The objective was to compare the different normalization methods, that is, to see whether they led to different results and to decide, whenever possible, whether a method should be recommended or discarded. Several complementary tools were used to assess the discordance amplitude and the validity or plausibility of the different normalization results. The different numeric values obtained by the different methods for the normalization parameters α and β were compared: α variations were expressed as relative differences and β variations were expressed as percentages of the maximum value within the brain. Statistics for these variations were expressed as the mean ± SD of the absolute value of these variations among the patient population.

The different normalization lines were overlaid on the correlation scatterplot obtained from the reference image and the registered mobile image, to assess visually the statistical consistency of the results. This was a global and qualitative analysis.

At the end, the reference image and the different registered and normalized images together with the corresponding subtraction images were scrutinized. These images were also evaluated in light of the clinical and electrophysiologic information (videoelectroencephalography and electrocorticography findings when available) and the MRI and SPECT conclusions extracted from Véra et al. (11) and displayed in Table 1. This evaluation allowed us to quantify the impact of normalization differences on the visual aspect of SPECT images, especially in cases of nonnegligible discrepancies between normalization methods.

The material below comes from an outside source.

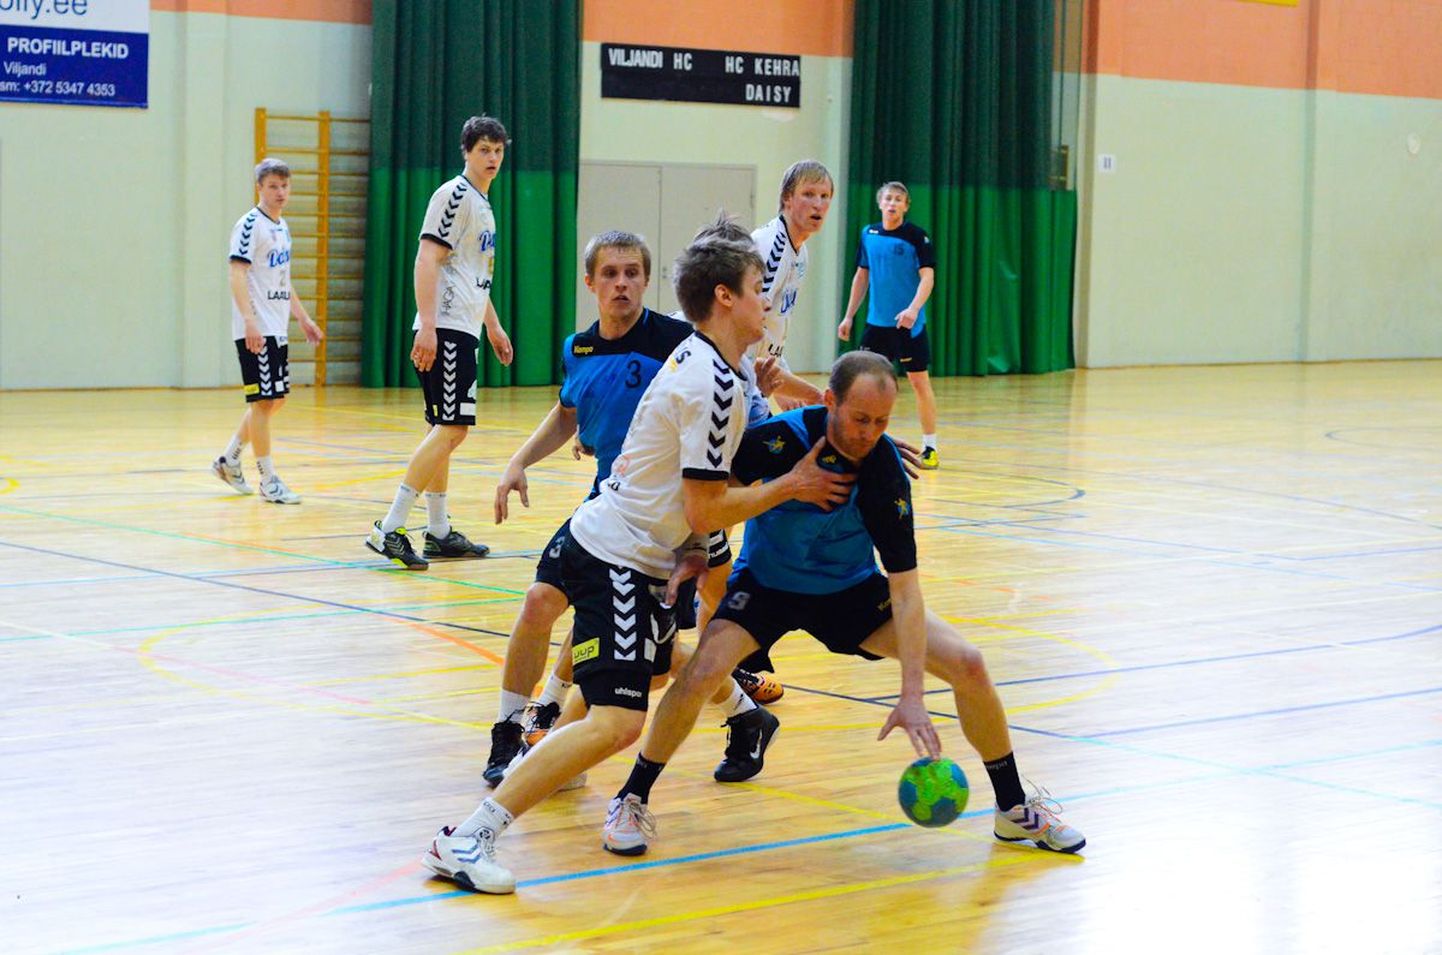 Viljandi käsipallimeeskond pidi pühapäeval tunnistama HC Kehra / Daisy paremust.

### 3D Display and VOI Analysis

An additional interactive tool was developed for further focused numeric comparison of the reference image and the registered normalized mobile image. Reference and subtraction images were displayed side by side in the 3 orthogonal planes using the above-mentioned twin display. Several parallelepiped 3D VOIs of adjustable size were selected interactively and simultaneously displayed on both images. After the choice of each pair of left and right VOIs, real-time calculation results were displayed. Calculations, such as maximum values, mean values, percentage of voxels exceeding a given threshold, left–right asymmetry indices, and comparison with a chosen reference VOI, were performed for each VOI pair in the reference and mobile images and in the positive and negative absolute and relative difference images.

## RESULTS

### Geometric Registration

Satisfactory and stable geometric registration was obtained with both criteria. Indeed, the values of the parameters obtained with the correlation coefficient criterion and the ratio uniformity criterion were generally identical. The maximal observed difference was 0.25 pixel or 1°. Convergence was obtained within 2 or 3 iterations. About half of the time, 1 iteration less was needed for the uniformity ratio than for the correlation coefficient.

### Gray-Level Normalization

#### Normalization Parameters.

The influence of the reference volume, criterion, and model choices will be successively described.

Varying the threshold defining the brain volume between 30% and 50% did not affect the results for the 1-parameter methods except for 1 patient. More precisely, for 5 patients, the α value was stable within approximately 1% for methods Mean, Med, Lin-1, and DSC-1, whereas for patient 1, the α value varied by 3%–7% for these 4 methods. Naturally, method Max was independent of threshold variations. On the contrary, results were less stable for both of the 2-parameter methods, Lin-2 and DSC-2. Indeed, the α and β values showed a strong correlation and nonnegligible variations with the varying threshold. Results are summarized in Table 3.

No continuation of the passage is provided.